Лютц схватил карту земного шара, которая лежала у него на кровати, и поднес к глазам Генриха.
— Видишь? Вот здесь может разместиться все человечество! А это все к услугам людей. Весь мир! Какая прекрасная жизнь могла быть на нашей планете!
Генрих прошел в другую комнату, где стоял умывальник, смочил полотенце и положил его Лютцу на лоб. Он силой заставил Карла лечь.
— Да я не болен, пойми!
Не слушая протестов, Генрих вынул из кармана порошок и протянул его Карлу.
— Что это?
— Снотворное.
— Дай мне лучше чего-нибудь такого, чтобы я заснул навсегда. Ведь страшно собственной рукой послать себе пулю в лоб!
— Ты что, сошел с ума?
— А ты не лишился бы рассудка, если б при тебе Миллер сбросил пятерых мужчин… с обрыва… а беременной женщине послал две пули в живот?… Понимаешь, беременной женщине! О, я не могу, не могу… Я не могу это забыть! — выкрикивал Лютц в исступлении. Его трясло, слова прерывались рыданиями.
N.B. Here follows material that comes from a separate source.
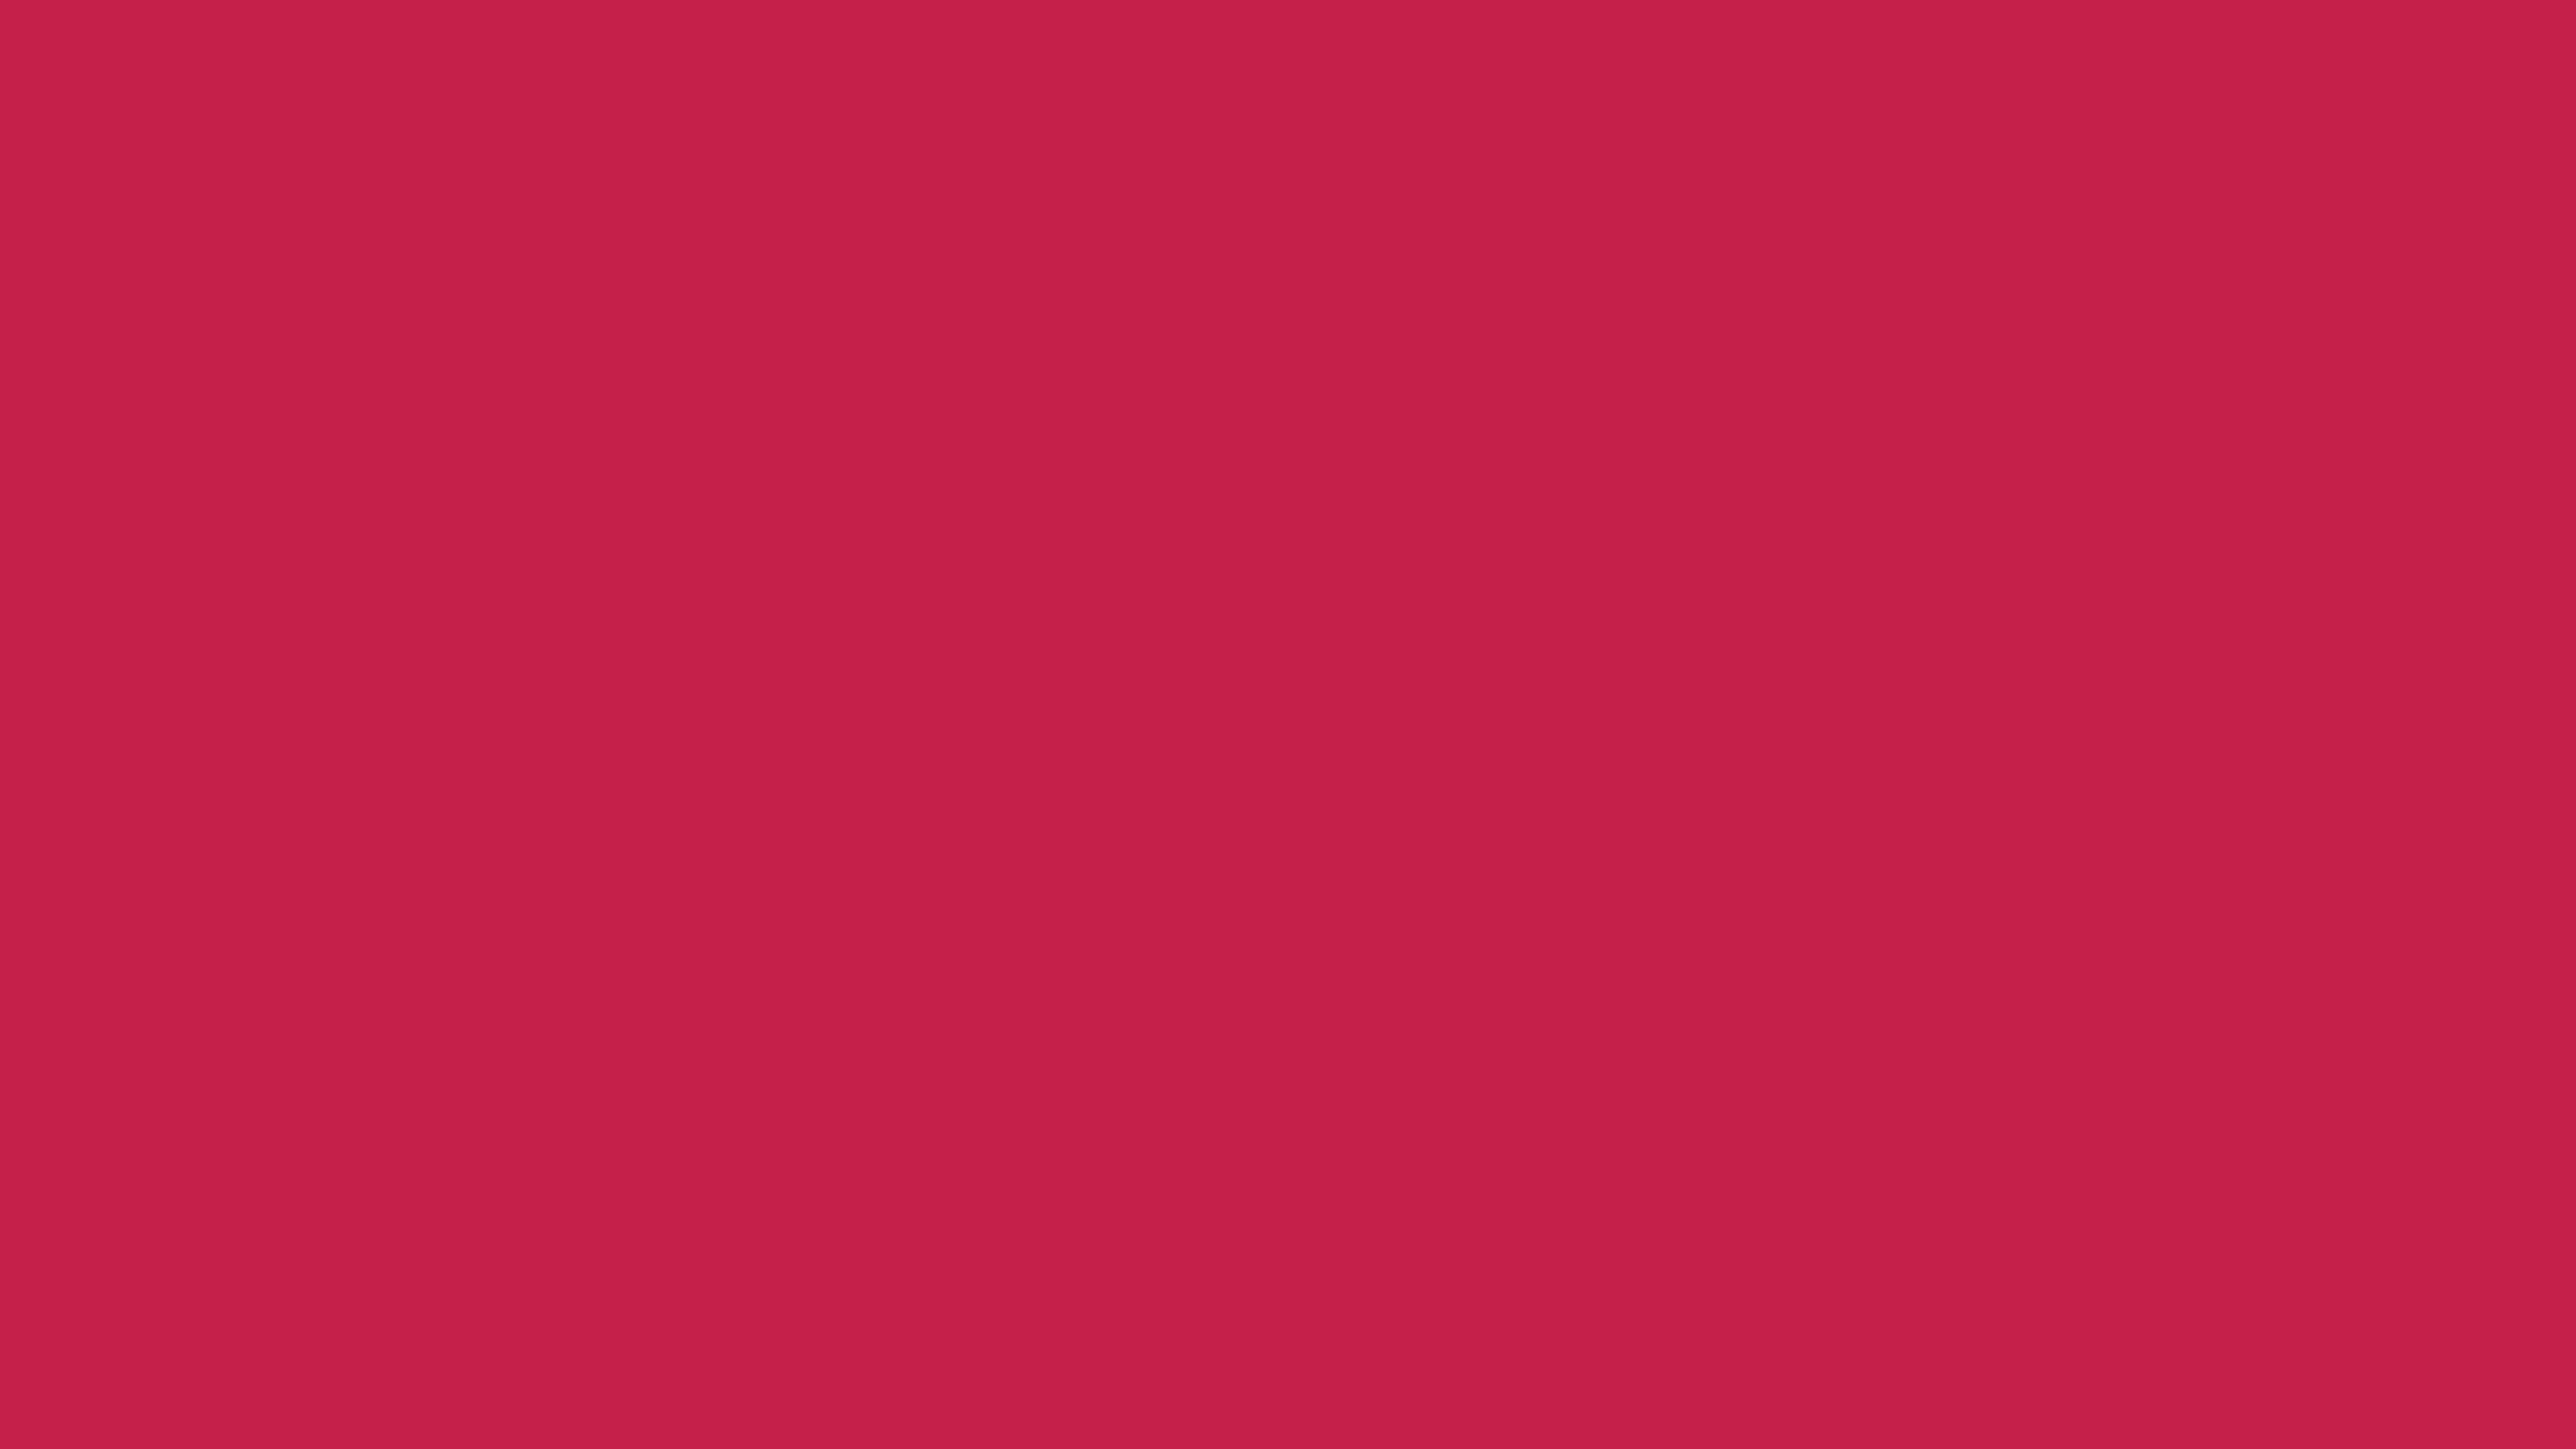 3840x2160 Bright Maroon Solid Color Background

Это была настоящая истерика.
Генрих знал, что в таких случаях надо молчать и ни о чем не спрашивать. Он заставил Лютца принять порошок, укрыл его одеялом до самого подбородка, дал выпить грапа, чтобы больной поскорее согрелся.
— Лежи и постарайся уснуть.
— Уснуть… я так хочу уснуть… я уже три ночи не могу спать! С того времени, как Миллер…
— Молчи! Слышишь, ни о чем не говори! Я все равно заткну уши и не стану слушать.
Возбуждение медленно спадало, и через полчаса снотворное подействовало. Лютц заснул.
Генрих не решился оставить его одного, хотя очень устал с дороги. Подложив под голову старую шинель Карла, он улегся на диван, но заснул не сразу.
Ночь прошла спокойно, больной не просыпался. Утром пришел денщик. Генрих, приказав не будить гауптмана, сколько бы он ни спал, ушел в штаб.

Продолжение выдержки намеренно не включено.